Fastball

Notes: 'Fastball' documentary a home run for fans

The film begins with Justin Verlander talking about the first time he threw 100 mph, and musing about how his fastball might have compared to Bob Feller’s. For the next 85 minutes, the subject is fastballs and only fastballs.

Hard-core fans will be spellbound. Even casual fans will be enthralled. The filmmakers, in their own words, explore "how the magic of baseball can boil down to the 396 milliseconds it takes a 100 mph fastball to reach home plate." Kevin Costner is the narrator. But current stars, 20 Hall of Famers, writers and even scientists tell the story.

The documentary — not surprisingly called, "Fastball" — premieres Monday night at the Tribeca Film Festival in New York. I’ll admit to a certain bias — I went to the University of Pennsylvania with the writer and director, Jonathan Hock. But Jon already has won nine Emmys without my endorsement. And you can trust my recommendation on this one, as opposed to say, my preseason picks.
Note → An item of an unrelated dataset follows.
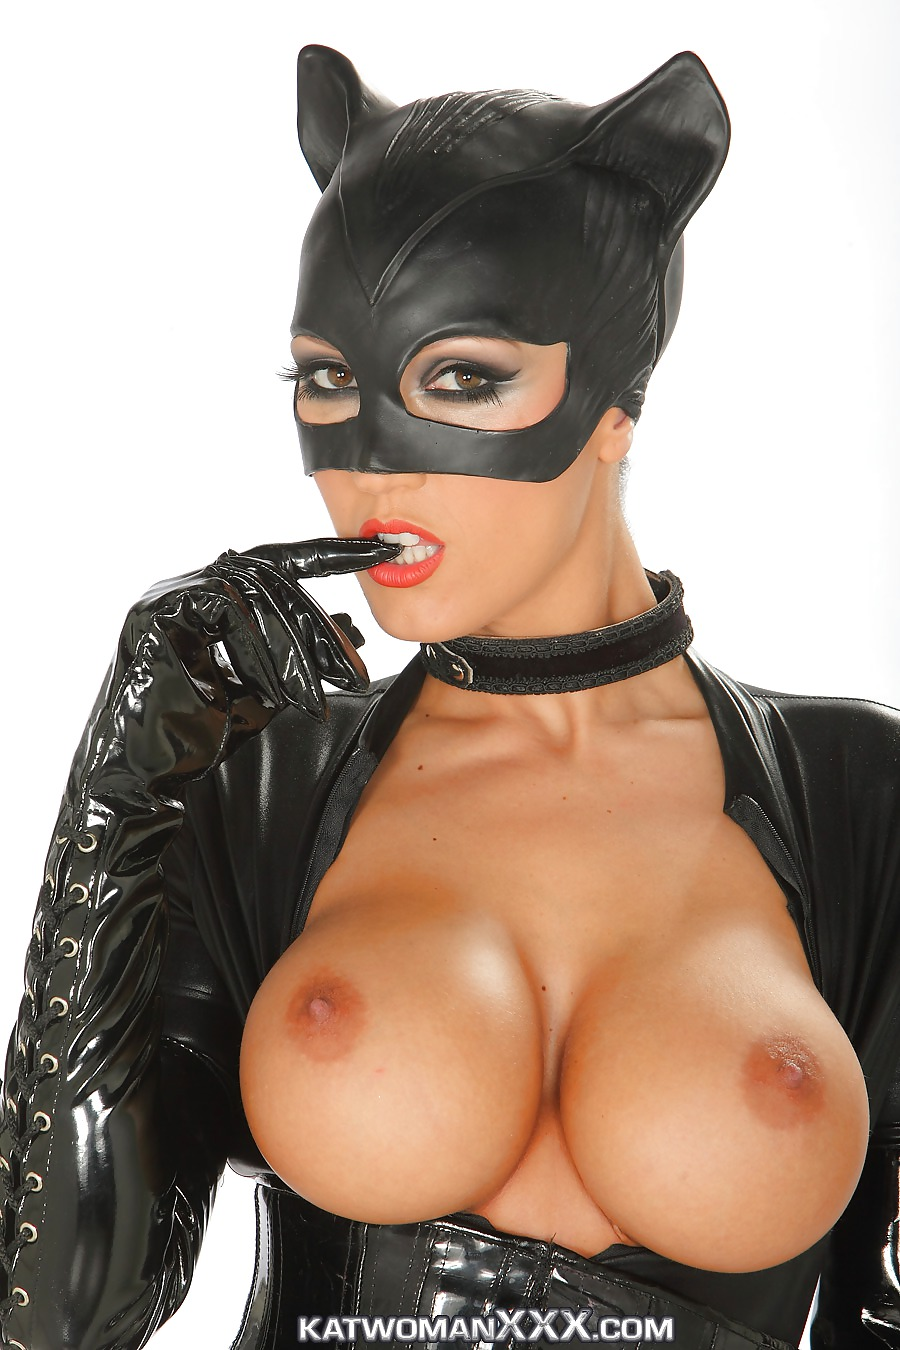 Catwoman mobil porn fucks comics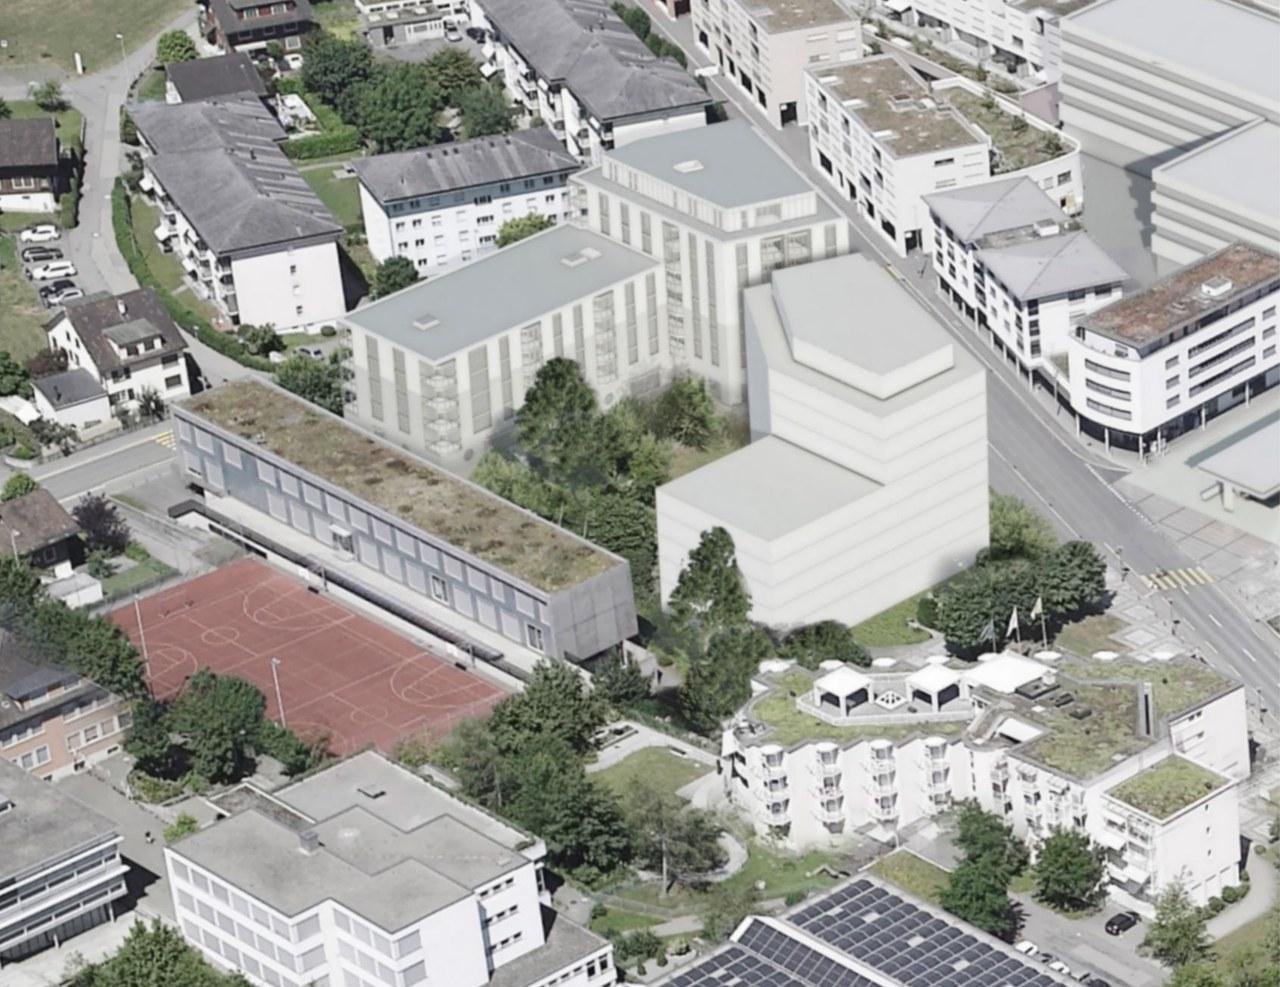 Visualisierung des Neuen Zentrums Dreilinden

Honestly, I can’t pick out out my favorite part of the film. It’s cool to hear Aroldis Chapman, Craig Kimbrel and David Price talk about their art. It’s also cool to hear a panel of five Hall of Famers — George Brett, Al Kaline, Joe Morgan, Johnny Bench and the late Tony Gwynn — banter about the toughest pitchers they faced.

Rich Gossage, Bob Gibson and Nolan Ryan reflect in great detail about their careers. Derek Jeter and Hank Aaron show more personality than we’re perhaps accustomed to seeing. The rarely interviewed Eddie Murray shares his thoughts, as do fellow Hall of Famers Mike Schmidt, Wade Boggs and the late Ernie Banks.

I loved not only the rare footage from Sandy Koufax’s perfect game, but also the section about Steve Dalkowski, the Orioles’ hard-throwing minor-league legend; the first manager I covered, the late Cal Ripken Sr., told great stories about Dalkowski, as did many others with the Orioles at the start of my baseball-writing career.

The most compelling aspect of the film, though, might be its science. Aaron, Gibson and Verlander talk anecdotally about whether a fastball can rise, and scientists try to explain the phenomenon. Even more intriguing, scientists make corrections on the past measurements of certain greats, and try to determine who threw the fastest pitch of all time.

The film, produced by Thomas Tull, a board member of the Hall of Fame, will be screened four times this week at the Tribeca Film Festival. After that, it will hit the festival circuit, and a national release is expected around the time of the World Series.